Italian politician and philosopher

Michele Nicoletti (born 19 November 1956, Trento) is an Italian politician and philosopher, and served as the President of the Parliamentary Assembly of the Council of Europe in 2018.

He was elected to the Italian Chamber of Deputies in the elections of 24–25 February 2013. He was a member of the Commission of the Twelve, an advisory body for the implementation of the Statute of Trentino-Alto Adige/Südtirol, and was also the provincial Secretary of the Democratic Party of Trentino until 16 March 2014. On 22 January 2018, he was elected as the 31st President of the Parliamentary Assembly of the Council of Europe, a body bringing together parliamentarians from 47 European nations to promote human rights and democracy. He is only the second Italian to hold the post. He earlier served as the leader of the Assembly's second-largest political group, the Socialist Group, and the head of the Italian parliamentary delegation to the Assembly. He is also a full professor of political philosophy at the University of Trento, in Trentino, Italy.

==Life and career==

Nicoletti graduated with a degree in philosophy at Bologna and since 2001 has been a professor of political philosophy at the Faculty of Letters and Philosophy (Department of Philosophy, History and Cultural Heritage) and the School of International Studies of the University of Trento. Since 2011, he has been the director of the Antonio Rosmini Study and Research Center in Rovereto. In 2007, he was a Fulbright Distinguished Lecturer at the University of Notre Dame.

On 6 August 2014, Nicoletti became President of the Italian delegation to the Parliamentary Assembly of the Council of Europe. In this capacity, he serves on the Sub-Committee on Conflicts between Council of Europe Member States, the Sub-Committee on External Relations, and the Sub-Committee on Ethics. Between 2016 and 2017, he was the Assembly’s rapporteur on corruption.
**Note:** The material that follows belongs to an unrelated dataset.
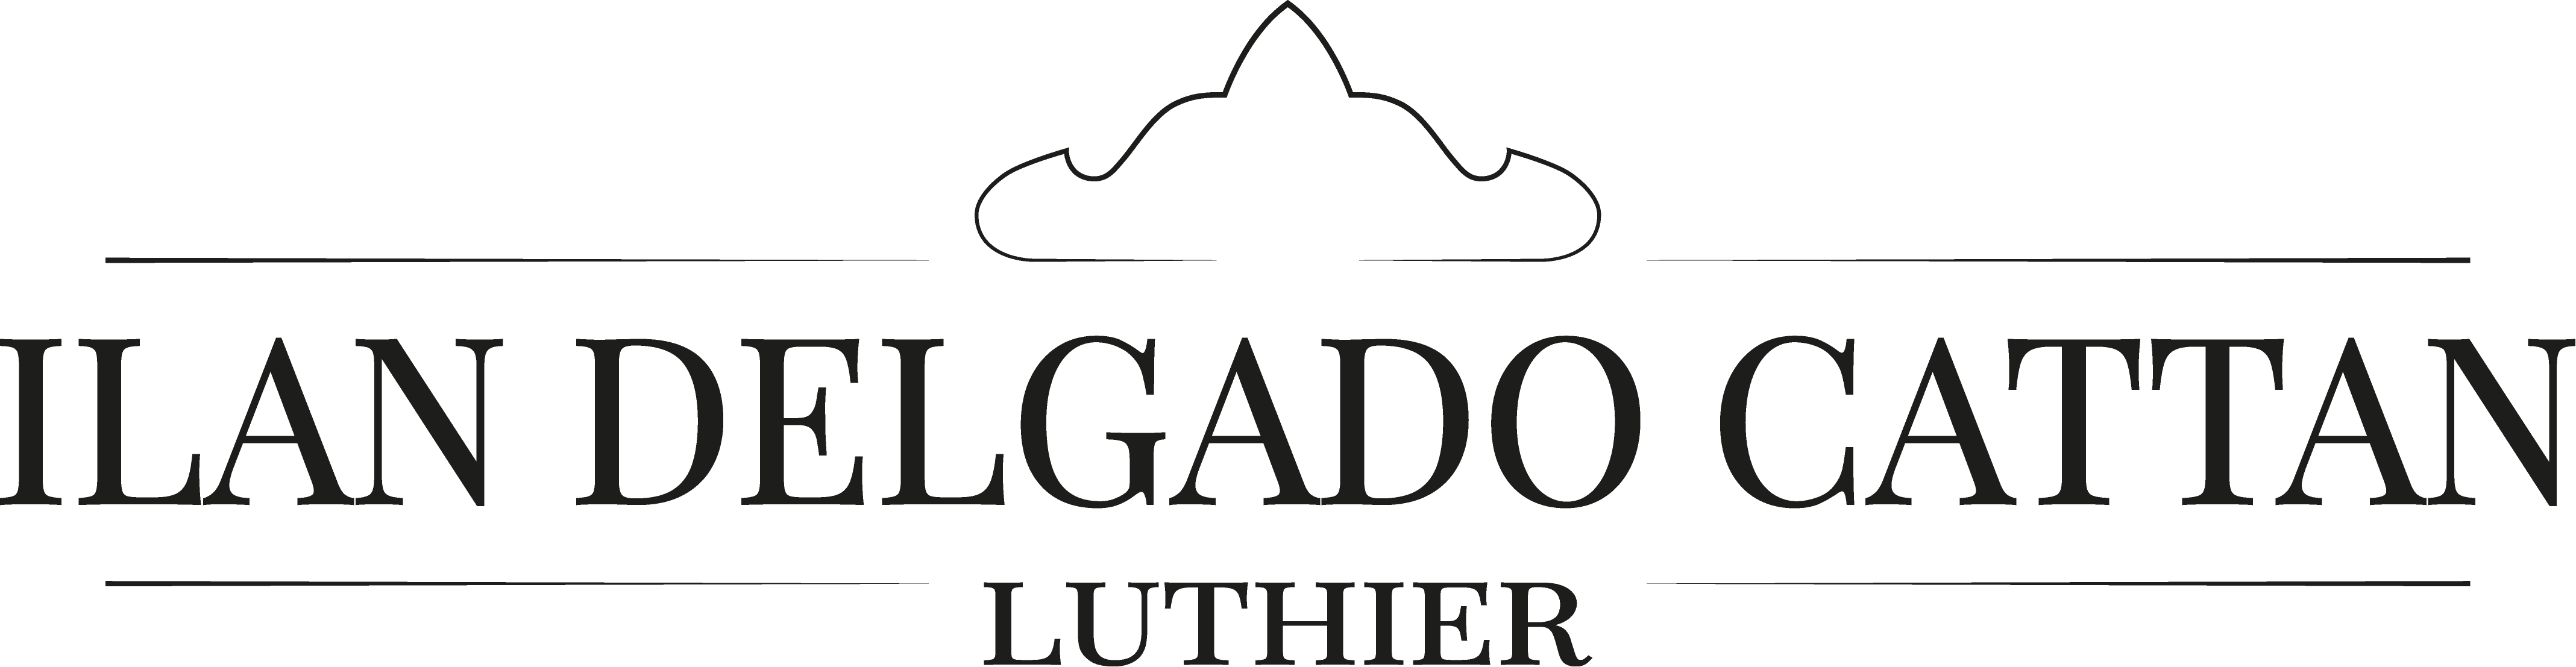 Ilan Delgado Cattan Luthier

He currently lives and works in Trento and Rome. He is married, with three children.

==Awards and honours==

- 2001 – Special Mention of the Jury, VIII International Award "Salvatore Valitutti" for the book La politica e il male.

==Books and Bibliography==

- M. Nicoletti, La dialettica dell'Incarnazione: soggettività e storia in S. Kierkegaard, Bologna: EDB, 1983.
- M. Nicoletti (Ed. critica a cura di), L'empatia, di E. Stein, Milano: Franco Angeli, 1986.
- M. Nicoletti, Trascendenza e potere: la teologia politica di Carl Schmitt, Brescia: Morcelliana, 1990.
- M. Nicoletti, La politica e il male, Brescia: Morcelliana, 2000.
- M. Nicoletti, S. Zucal, F. Olivetti (a cura di), Da che parte dobbiamo stare: il personalismo di Paul Ludwig Landsberg, Soveria Mannelli: Rubbettino, 2007.
- M. Nicoletti (Ed. a cura di), Angeli delle nazioni - Origine e sviluppi di una figura teologico-politica, Brescia: Morcelliana, 2007.
- M. Nicoletti, Religion and Empire: Carl Schmitt's Kathechon between International Relations and the Philosophy of History, International Law and Religion ed. by M. Koskenniemi, M. García-Salmones Rovira and P. Amorosa, Oxford University Press, 2017.